Prompt: Return the whole listing exactly, omitting the pictures.

Given data:
□ □ □ □ □ □ □

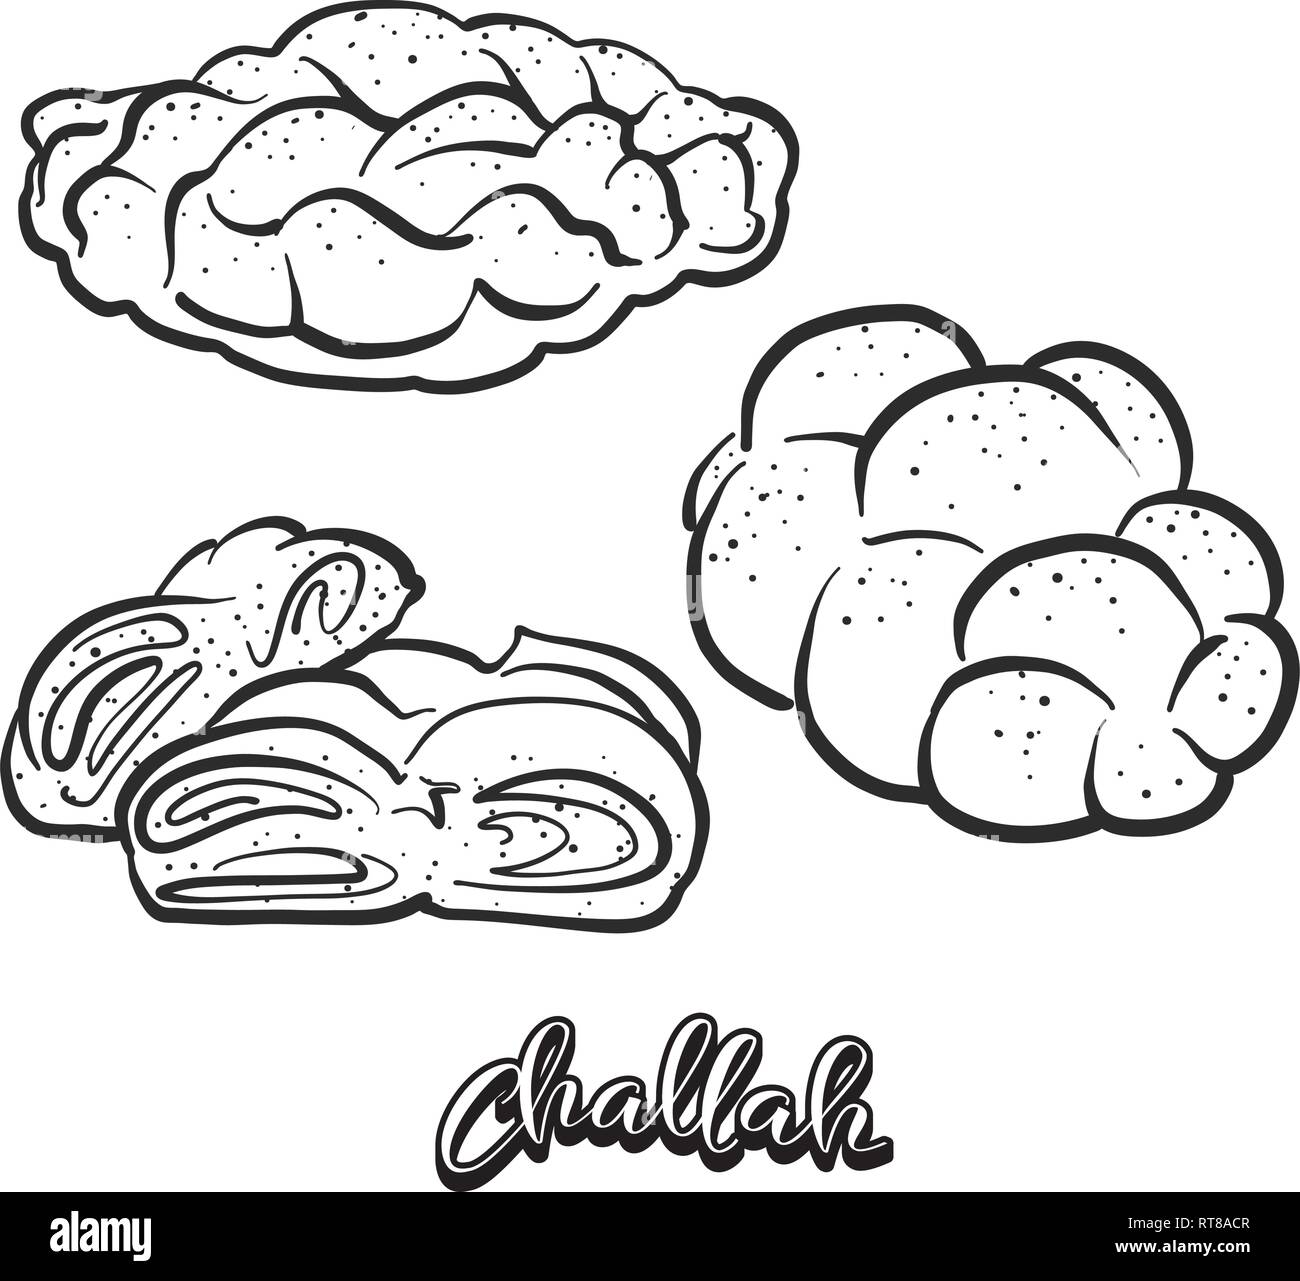 Hand gezeichnete Skizze der Challah Brot. Vektor Zeichnung der gesäuertes Essen, in der Regel in Polen und Israel bekannt. Brot Abbildung Serie. Stock Vektor
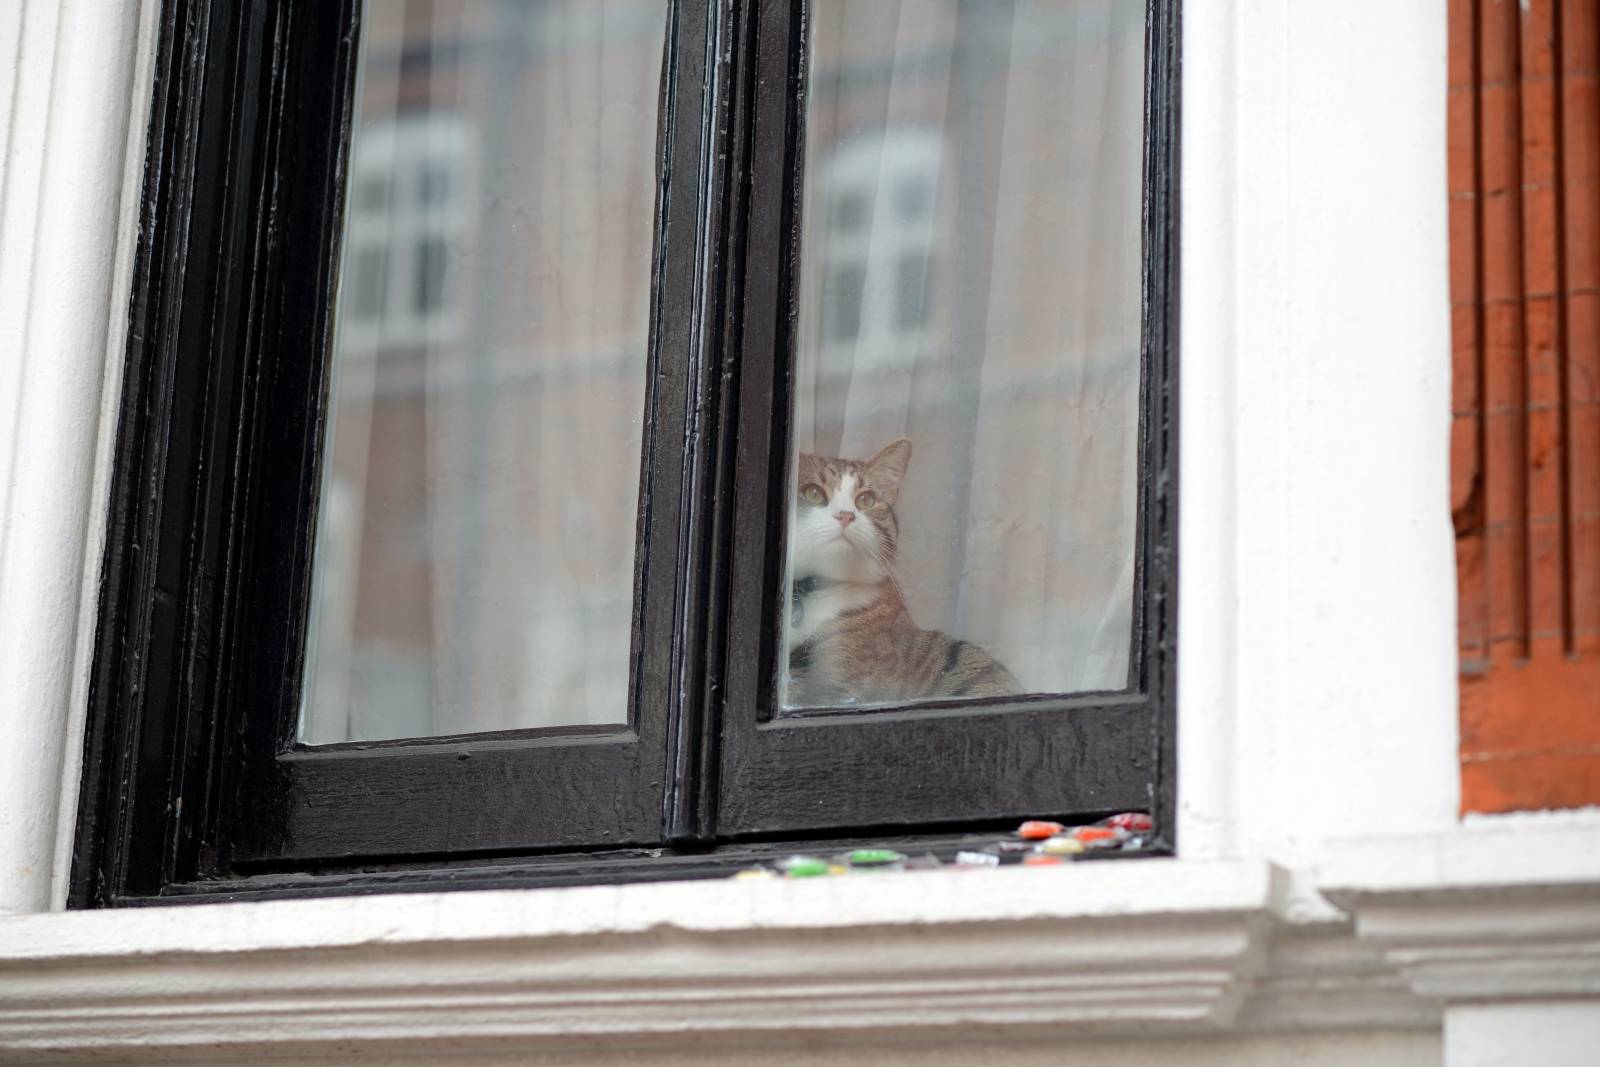 The embassy cat of Julian Assange
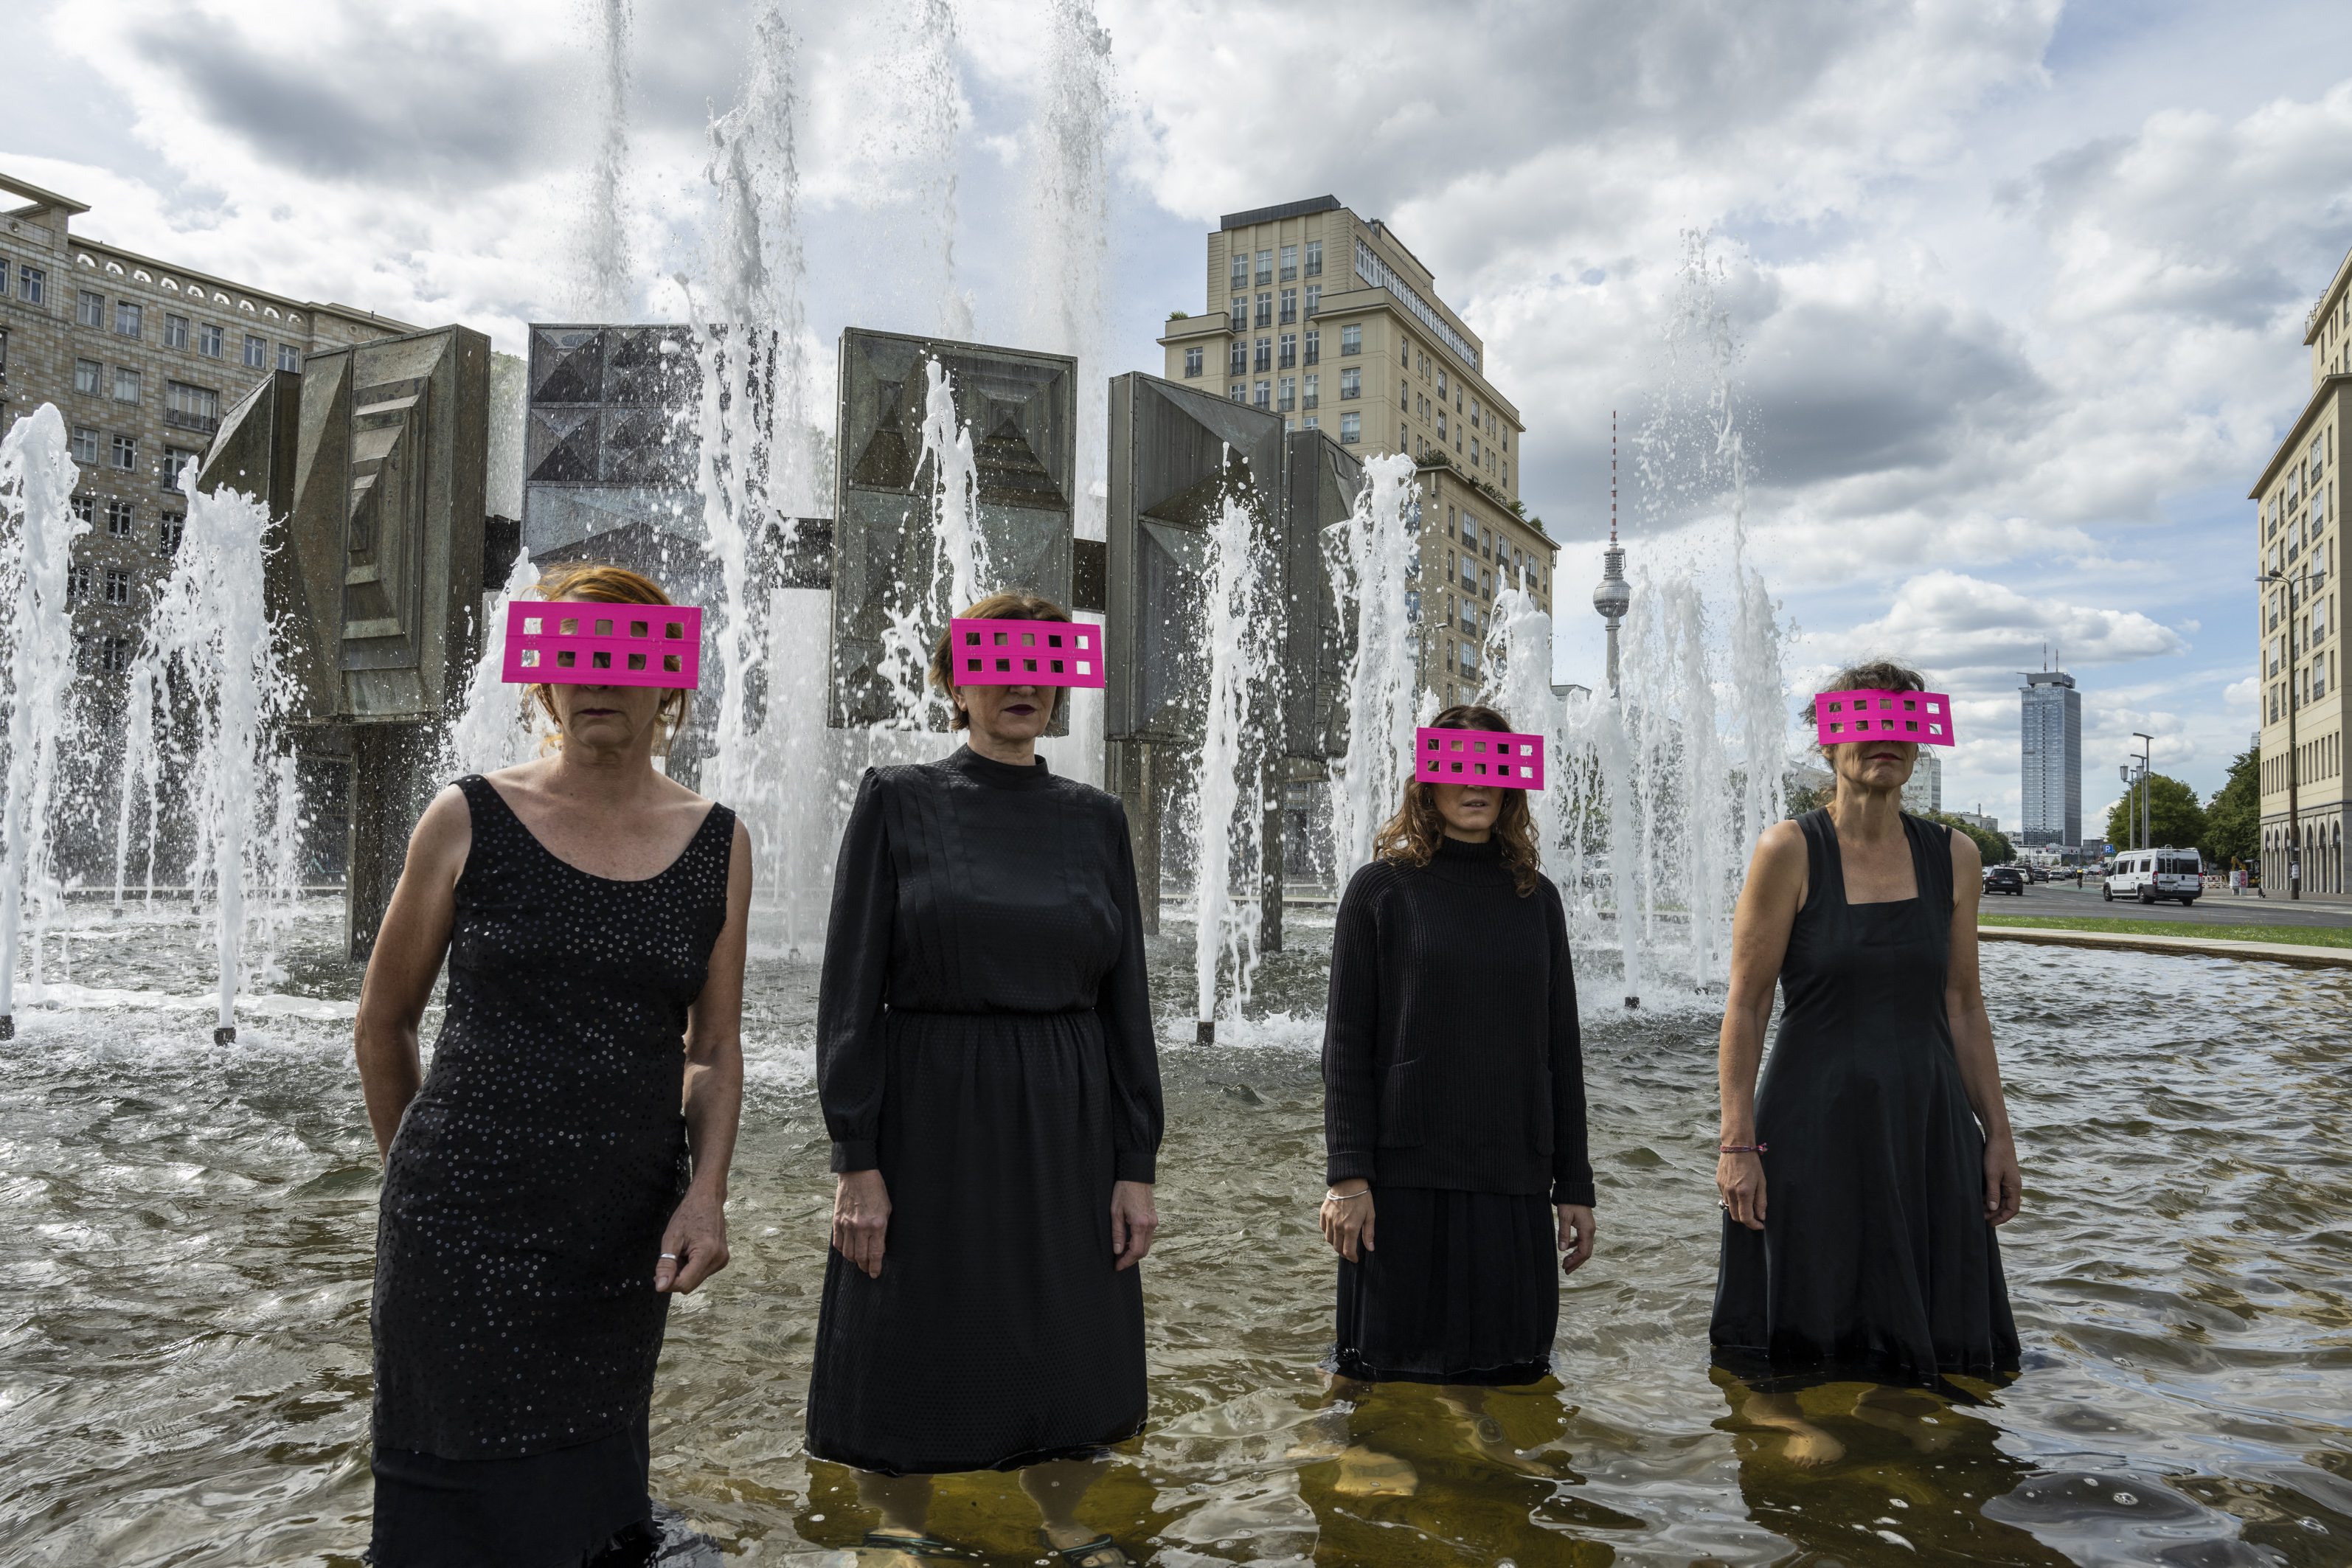 Vier Frauen stehen schwarz gekleidet in einem Brunnen. Sie tragen pinke Balken vor den Augen, die durchlöchert sind.

□ □ □ □ □ □ □

Response area:
 Hand gezeichnete Skizze der Challah Brot. Vektor Zeichnung der gesäuertes Essen, in der Regel in Polen und Israel bekannt. Brot Abbildung Serie. Stock Vektor
 The embassy cat of Julian Assange
 Vier Frauen stehen schwarz gekleidet in einem Brunnen. Sie tragen pinke Balken vor den Augen, die durchlöchert sind.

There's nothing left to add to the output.